A polluted Hong Kong island skyline is seen in September 2008. High to very high pollution levels were recorded in various districts in the territory at the time. (Bobby Yip/Reuters)A brown haze of soot, particles and chemicals that hangs over parts of Asia is darkening cities, melting glaciers in the Himalayas and making weather systems more extreme, the United Nations said Thursday.

Scientists who have studied the thick brown clouds, which they estimate to be more than three kilometres thick, said the haze stretches from the Arabian Peninsula to China and the Western Pacific Ocean. It is officially known as atmospheric brown clouds.

The scientists, who come from China, India, Europe and the U.S., said in a new report commissioned by the UN Environment Program that the brown clouds are aggravating the impact of climate change caused by greenhouse gases in some regions.

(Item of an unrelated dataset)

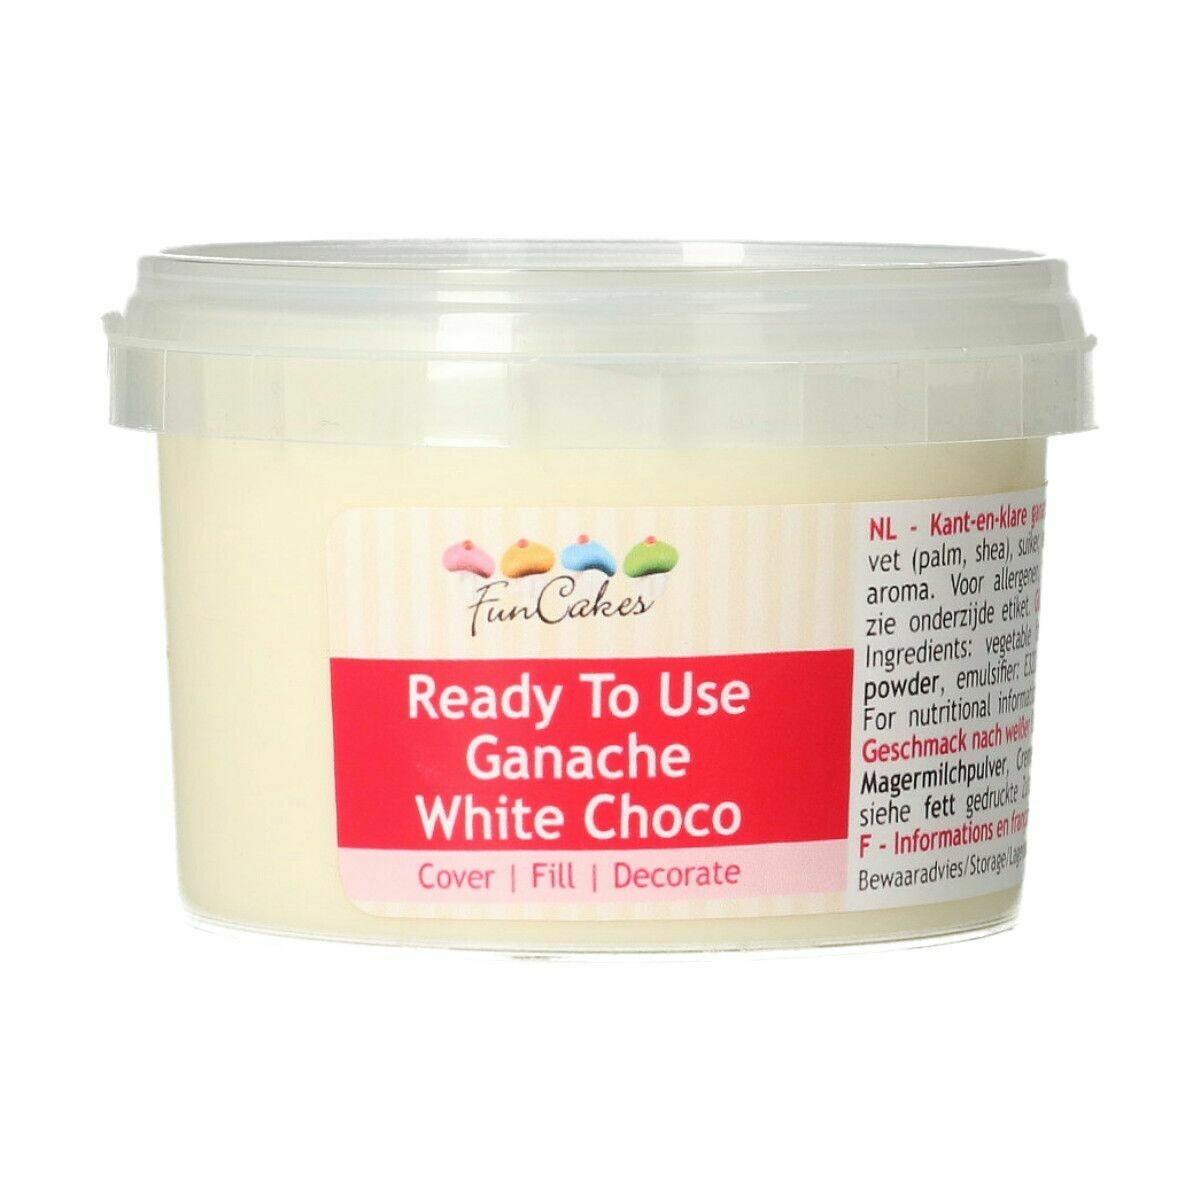 FunCakes Ready To Use Ganache -WHITE CHOCO 260g - Γκανάζ λευκής σοκολάτας
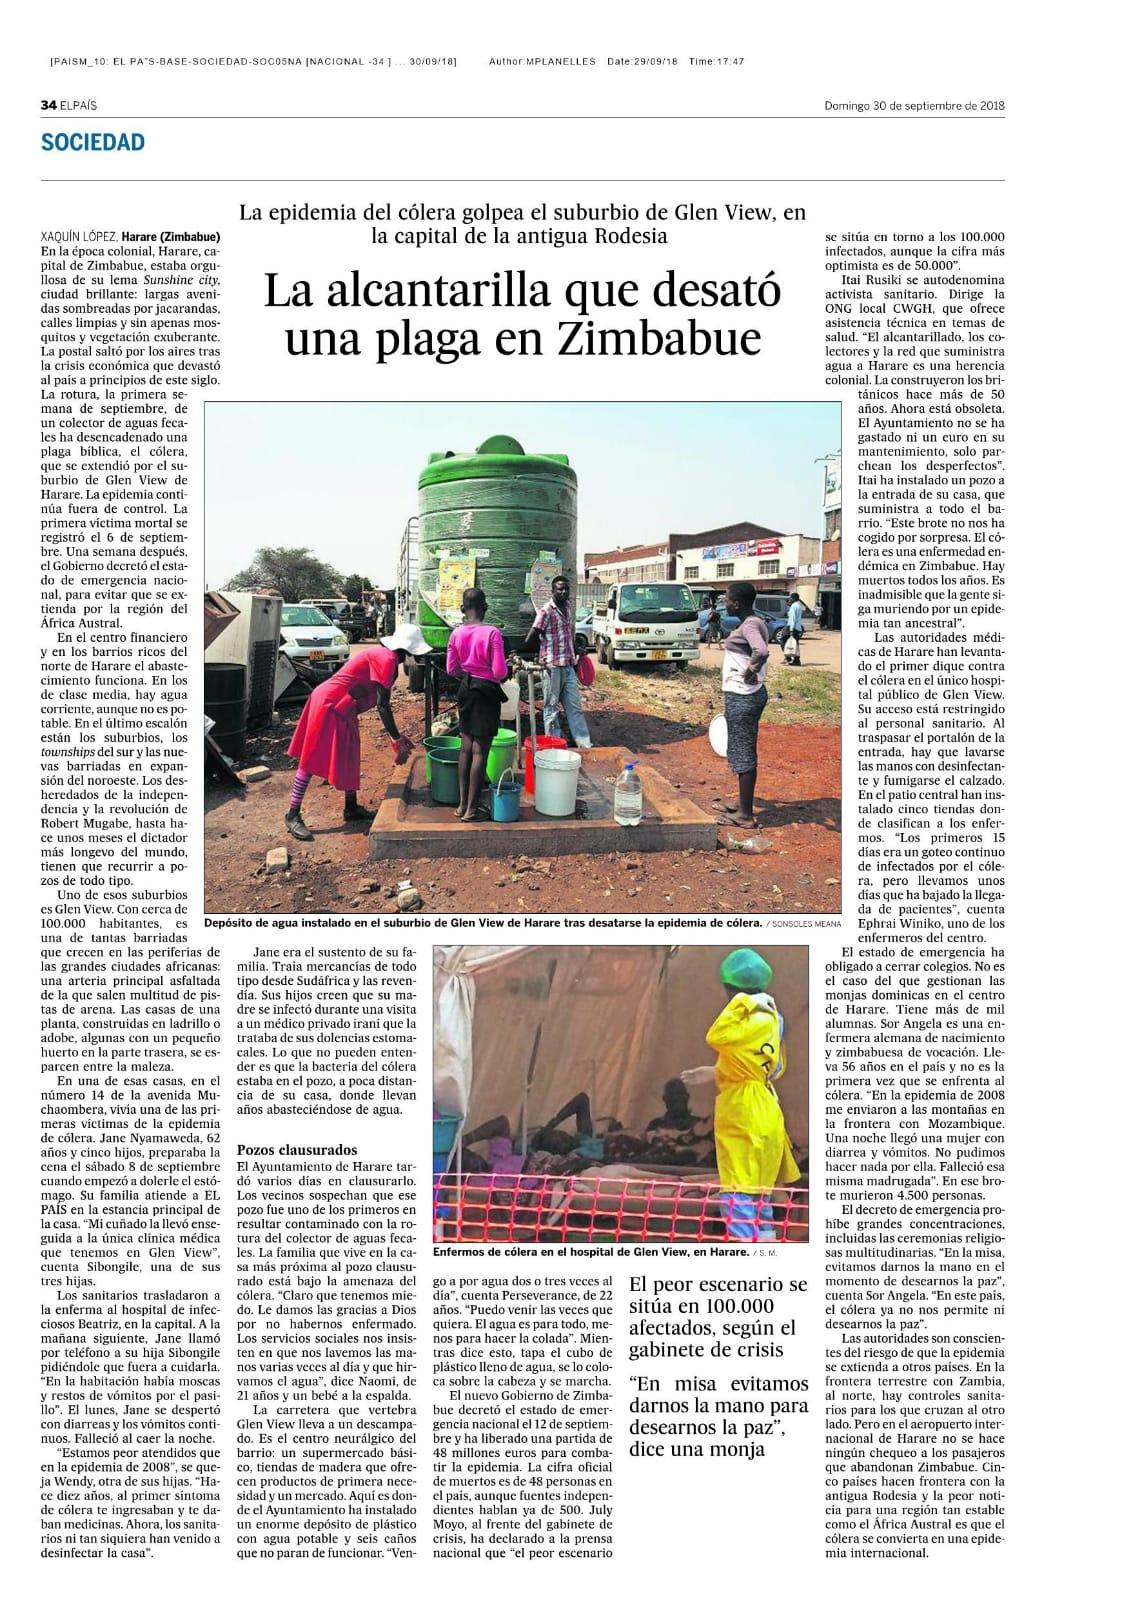 Reportaje de El País

They said they are issuing the warning now about the brown haze because it is a "serious and significant" environmental challenge facing the planet that poses a threat to human health and food production.

"Imagine for a moment a three-kilometer-thick band of soot, particles, a cocktail of chemicals that stretches from the Arabic Peninsula to Asia," Achim Steiner, UN undersecretary general and executive director of the program, said during a news conference on the findings.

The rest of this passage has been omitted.